Emerio Medina (Mayarí, 1966) asiste con cierta impavidez a la crítica sobre su obra. Se habla de la naturalidad con que se desdibujan en sus textos las fronteras entre realidad y absurdo, del inusual ritmo interno de las historias que crea, de los inicios «en mitad del asunto» y los finales abruptos; y a él le parece que están hablando de otro, porque —en fin— no se asume como «escritor», no se lo cree.
Emerio, a quien estuvo dedicada la edición más reciente del espacio El autor y su obra, del Instituto Cubano del Libro, tiene la apostura de un hombre recio, parco; y quizá, mientras escucha inmutable cómo se analiza su escritura pieza a pieza, el desconcierto no hace sino crecerle: «Lo que hago es escribir, sobrevivir. Me he dejado arrastrar por la vida, nunca me he puesto metas, no tengo interés en enmarcar nada, por eso escribo con libertad».
Y, sin embargo, él sabe muy bien de desentrañar armazones, tanto, que ha dejado parte de sí en el desmontaje del bloque 2 de la central termoeléctrica Lidio Ramón Pérez, de Felton.
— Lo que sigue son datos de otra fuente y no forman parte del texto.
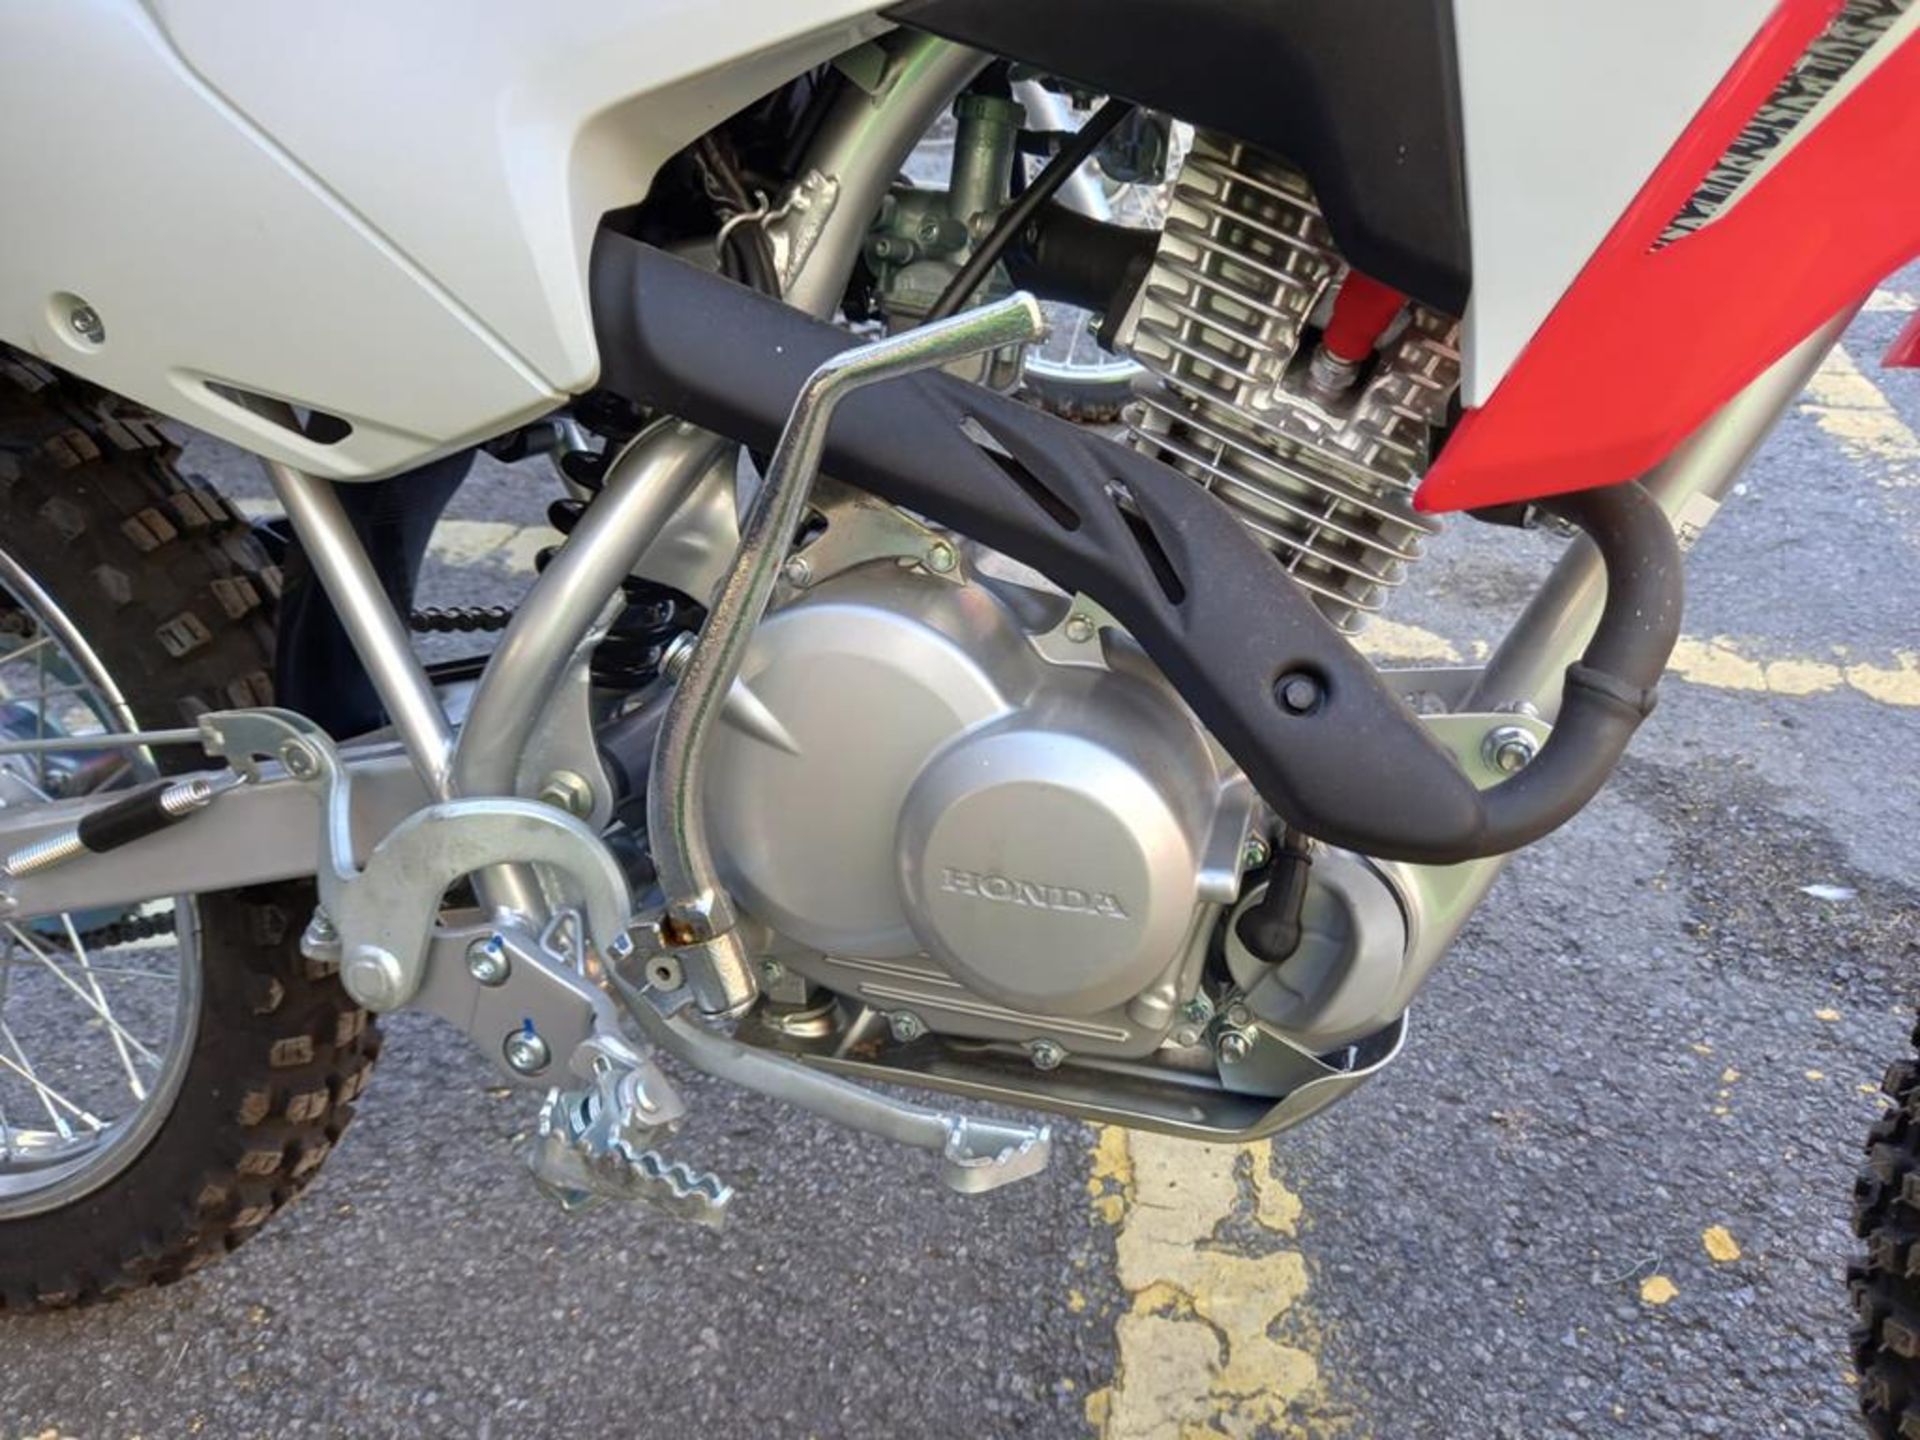 Honda CRF125FB Off Road Motorcycle (virtually unused) - Image 4 of 4

Allí, el ingeniero mecánico formado en Uzbekistán ha dirigido, como jefe de obras, a unos 500 trabajadores, y por cerca de dos años el lenguaje de cada día no ha sido el literario.
Parece materia para uno de sus cuentos, porque este hombre ha ganado todos los grandes premios con que sueña quien escribe en Cuba: Casa de las Américas, Alejo Carpentier, el Iberoamericano Julio Cortázar… incluso más de una vez; sin dejar de ser un hombre común, un holguinero, un padre de familia, un trabajador industrial, a veces vapuleado por el peso de las realidades, tan ajeno a las poses de la vida literaria que parece mentira.
No obstante, no es el imperio del absurdo, a la manera de una de sus narraciones; Emerio Medina resulta uno de los mejores narradores de la Isla a fuerza de talento, de disciplinada lectura y escritura, de no denostar lo local, ni creer mucho en tales fronteras; y su trayectoria constituye la prueba de que el arte es un llamado del ser, no del parecer.
«Adquirí desde temprano cultura literaria, en la escuela cubana, en el campo, con un maestro para siete muchachos», cuenta Emerio, quien, a falta de aula, hizo el quinto y el sexto grados en espacios cedidos por los campesinos, primero cerca del tabaco, después de una vaquería, con el ruido de las rastras de fondo.
«También tuve la suerte de que en mi casa me dejaran leer, mientras mis hermanos andaban afuera haciendo otras cosas». Lo demás ha sido caminar, observar, y contar por intuición. «He escrito las novelas que llevo por dentro, y me parece que aún tengo cosas que decir».
Con una amplia obra narrativa publicada, Emerio gusta más de la escritura para adolescentes, «la que más exige»; y defiende para ellos una literatura en la cual no se les impongan realidades que aún no son suyas; por eso les crea «un mundo fantástico, distópico, pero donde haya luces, donde puedan crecer».
En el panel de El autor y su obra, conducido por Fernando Rodríguez Sosa, y en el que estuvieron Francisco López Sacha, Rafael de Águila y Ernesto Pérez Castillo, mucho se dijo de Emerio Medina, de su personalidad literaria propia, de su inteligencia lingüística, de los personajes signados por el hálito pegajoso de la tragedia, de su estilo elegante y diáfano, y también de su coherencia, y de lo poco que le pesan los galardones en el camino, de ser la persona que encuentra a su alrededor la maravilla de la vida para poderla contar.
Queda entonces leer más y todo del autor de ese cuento inquietantemente sencillo que es El hombre que vino a leer, y maravillarse, más que con su circunstancia, con esas estructuras que ha armado parte a parte, usando la paciencia y la sabiduría del buen mago, cuyos mejores trucos no alcanzan a ser revelados.